XPandas: Data structures¶

XSeries¶

XSeries is a 1d data container that can store any objects inside.

Using the pandas.Series objects we can encapsulate the list lines into XSeries object. The object has a global index of series and an sub-index for each pandas.Series.

X = XSeries(lines)

X.head()

  0      1.187100
    0.409600
   -0.43154...
  0      0.094261
    0.310310
    0.53060...
  0     -1.157000
   -1.592600
   -1.50960...
  0      0.356960
    0.300850
    0.24314...
  0      0.307980
    0.370350
    0.26015...
dtype: object
data_type: <class 'pandas.core.series.Series'>

The output reveals the data_type property of the XSeries object which contains the type of the contained objects, in this case, pandas.Series. The XSeries is thus build up of pandas.Series. Specifically, X supports all methods of its containing object pandas.Series.

XDataFrame¶

XDataFrame is an abstract 2d container that is based on pandas.DataFrame and stores XSeries objects.

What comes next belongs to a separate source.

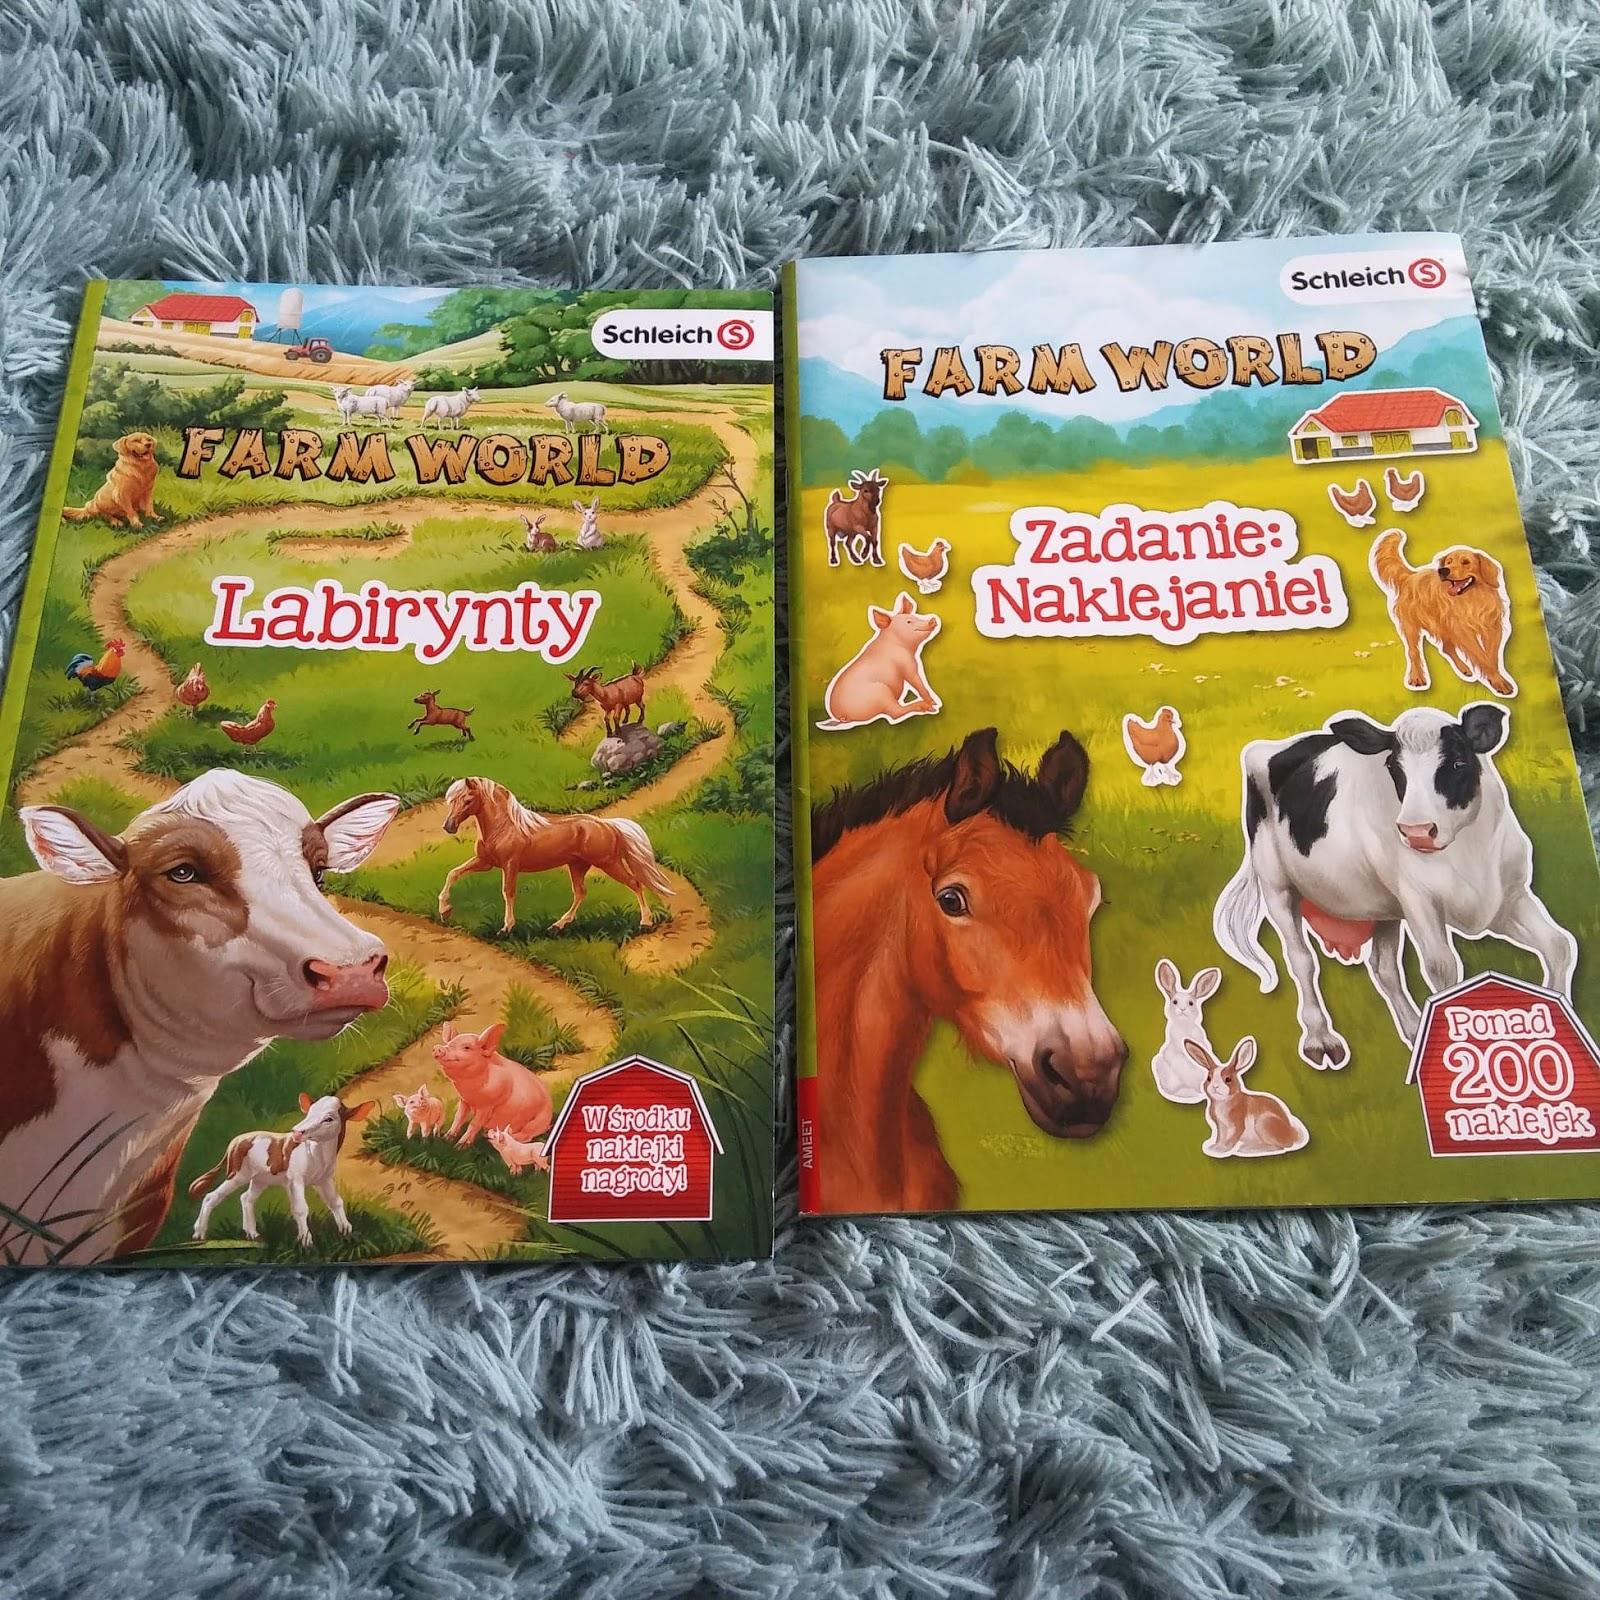 AMEET-Schleich Farm World Labirynty oraz Zadanie: naklejanie!

The main feature of the XDataFrame are columns of XSeries that can contain and manage any data_type. For example, one may have a data set consisting of series, images, texts, plain numbers, or even custom objects. Ideally, we would want to handle such different data types in a unified 2d data container, e.g. a chain of transformers to create a simple 2d matrix of training data.

The following examples illustrates such a XDataFrame workflow.

Let Y be a vector of labels for each row.

Y = np.random.binomial(1, 0.5, X.shape[0])
Y = XSeries(Y)

df = XDataFrame({
    'X': X,
    'Y': Y
})

df.head()

	X	Y
0	0 1.187100 1 0.409600 2 -0.43154...	1
1	0 0.094261 1 0.310310 2 0.53060...	1
2	0 -1.157000 1 -1.592600 2 -1.50960...	0
3	0 0.356960 1 0.300850 2 0.24314...	1
4	0 0.307980 1 0.370350 2 0.26015...	1

Add new column to XDataFrame:

df['X_1'] = XSeries([
    pd.Series(np.random.normal(size=100))
    for _ in range(X.shape[0])
])

XPandas: Transformers¶

A major motivation for this project is the common data science task of extracting features from some complex objects (for example series) before proceeding with the machine learning.

Given a XSeries of pandas.Series one would, for instance, like to extract features from each series. That’s where Transformers play a vital role.

Each Transformer object support fit, transform methods just like scikit-learn transformers.

Let’s explore some examples.

TimeSeriesWindowTransformer¶

This transformer calculates moving average with given window size.

tr = TimeSeriesWindowTransformer(windows_size=5)
tr.fit(X)
transformed_series = tr.transform(X)

transformed_series.head()

  4     -0.394268
   -1.108168
   -1.70768...
  4      0.509686
    0.680500
    0.80574...
  4     -1.098344
   -0.755320
   -0.21608...
  4      0.234223
    0.165730
    0.09269...
  4      0.202701
    0.154336
    0.14082...
dtype: object
data_type: <class 'pandas.core.series.Series'>

Of course, with a windows_size = 5 first 4 elements are NaN.

transformed_series[0].head(10)

  -0.394268
  -1.108168
  -1.707688
  -2.121740
  -2.302600
  -2.236300
 -1.942152
 -1.469980
 -0.891442
 -0.287676
dtype: float64

TimeSeriesTransformer¶

Let’s try another transformer, probably the most common one. It extract several quantitative features from each pandas.Series like mean, std, quantiles. You can also pass you own list of features. As a result we retrieve a XDataFrame object.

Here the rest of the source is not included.